A anacrónica idiotice da Queima das Fitas
Como o golfe ainda não tinha atingido entre nós os actuais níveis de popularidade, bombardeei com ovos e tomates podres o cortejo de gatos pingados que, há coisa de 30 anos, desfilava junto à Cordoaria, no Porto, na tentativa (que se viria a ser bem sucedida) de ressuscitar a Queima das Fitas, que os estudantes de Coimbra tinham feito o favor de enterrar com a crise académica de 69.
Não me arrependo, nem mudei de opinião. Continua a achar uma rematada e anacrónica idiotice os cortejos da Queima, bem como o essencial da parafernália que envolve esta liturgia, como os trajos académicos, praxes e bênção de pastas. Excluo desta consideração tudo quanto diga respeito a concertos, copos e etc, que só podem merecer o meu elogio, pois esta vida são dois dias e a estudantada que anda para aí com as hormonas ao saltos tem todo o dever de se divertir e aliviar as tensões, pois os exames vêm aí e, como recomendava Wilhelm Reich, no indispensável “Combate Sexual da Juventude”, três quecas por semana são o mínimo para levar uma vida saudável.
Mas como já não tenho nem idade nem pachorra para atirar bolas de golfe, isqueiros ou telemóveis ao cortejo (para corresponder com alguma modernidade ao arcaísmo bafiento da coisa), arremesso uma história a essa tropa que ainda não arranjou tempo, capacidade ou espelho para ver a figura grotesca que anda a fazer.

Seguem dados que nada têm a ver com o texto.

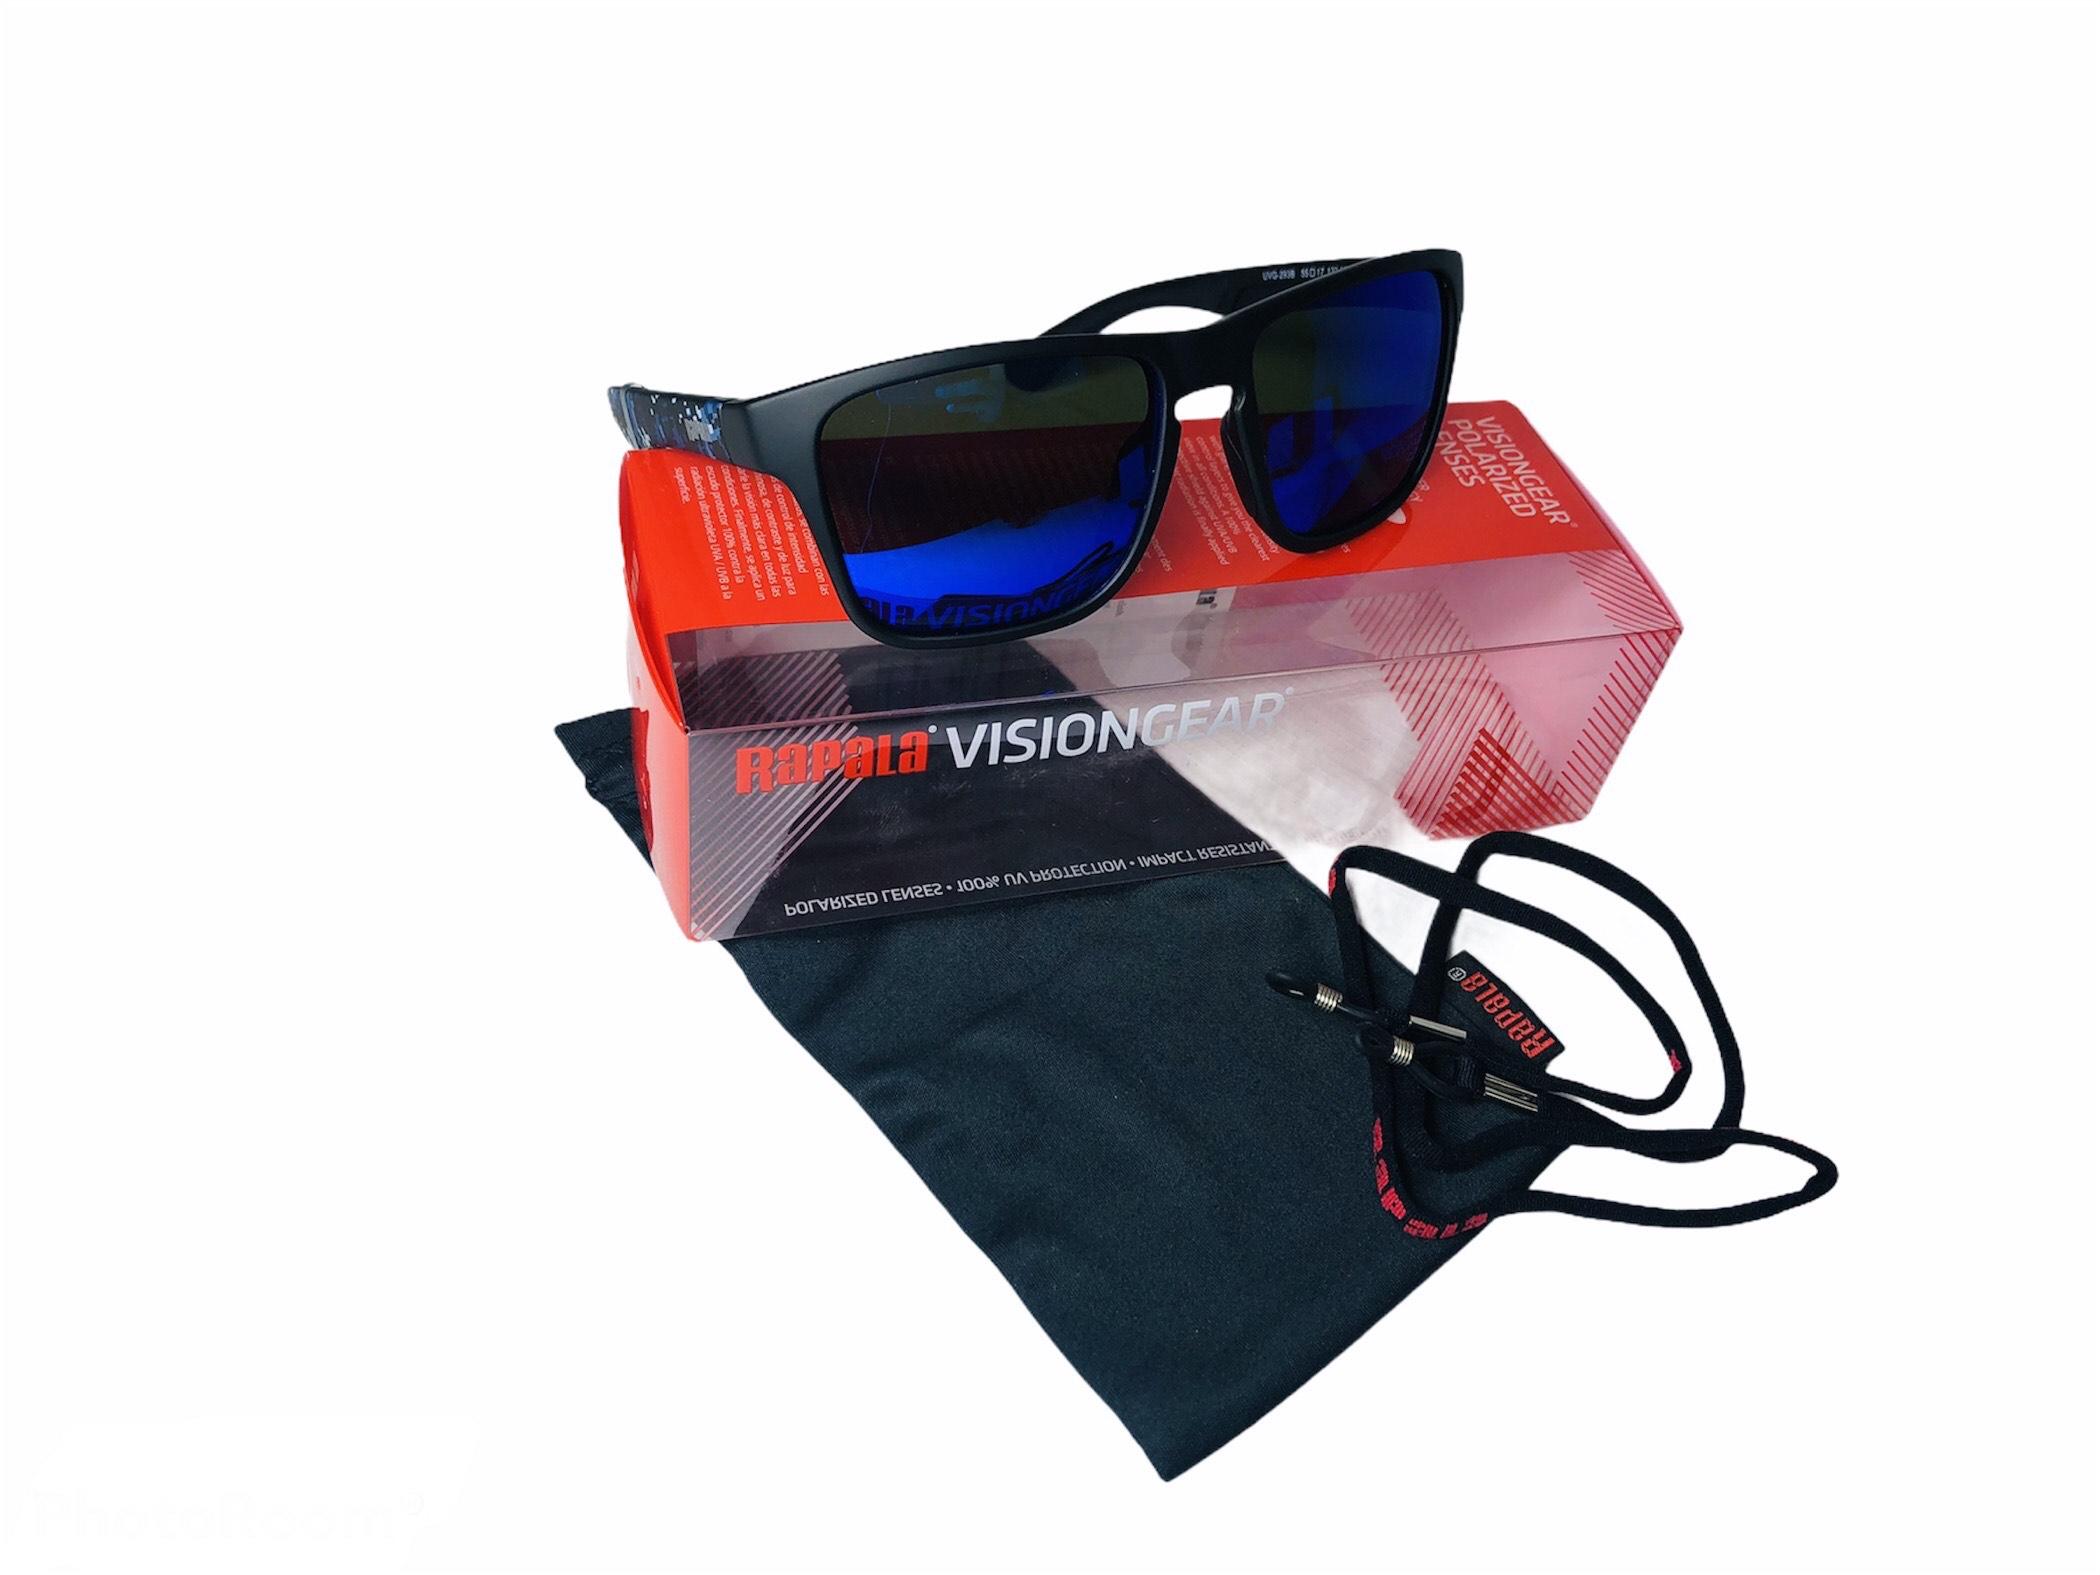 rapala vision gear UVG-293B

Vicky Harrison, inglesa de 21anos, já cá não estava quando soube dela e por que é que a sua travessia da vida foi tão curta e dramaticamente abreviada. Na foto, publicada neste jornal, aparecia de cabelos louros e a cara aberta num luminoso sorriso - ambos, sorriso e cor dos cabelos, com aspecto de genuínos. Mal concluiu a formação em Som e Imagem, desatou a procurar emprego, acompanhando de telefonemas os curriculos que enviou para tudo quanto era produtora de televisão. Ninguém lhe escreveu ou telefonou de volta, mas ela não desanimou. Baixou de exigência e candidatou-se a empregos de repositora de supermercado e balconista de loja.
Ao cabo de dois anos e mais de 200 candidaturas sem o telemóvel e as caixas de correio (electrónica e tradicional) lhe trazerem boas notícias, Vicky desistiu. Engoliu os comprimidos todos que encontrou em casa e partiu.
Num país como o nosso, em que só não é universitário quem não quer, há 44 mil licenciados sem trabalho, a taxa de desemprego jovem atingiu os 20%, e ter um canudo já não é mais sinónimo de esperança de uma vida desafogada, andar pelas ruas a pavonear-se em trajo académico é tão trágico-cómico como a orquestra ter continuado a tocar após o Titanic ter chocado com o iceberg.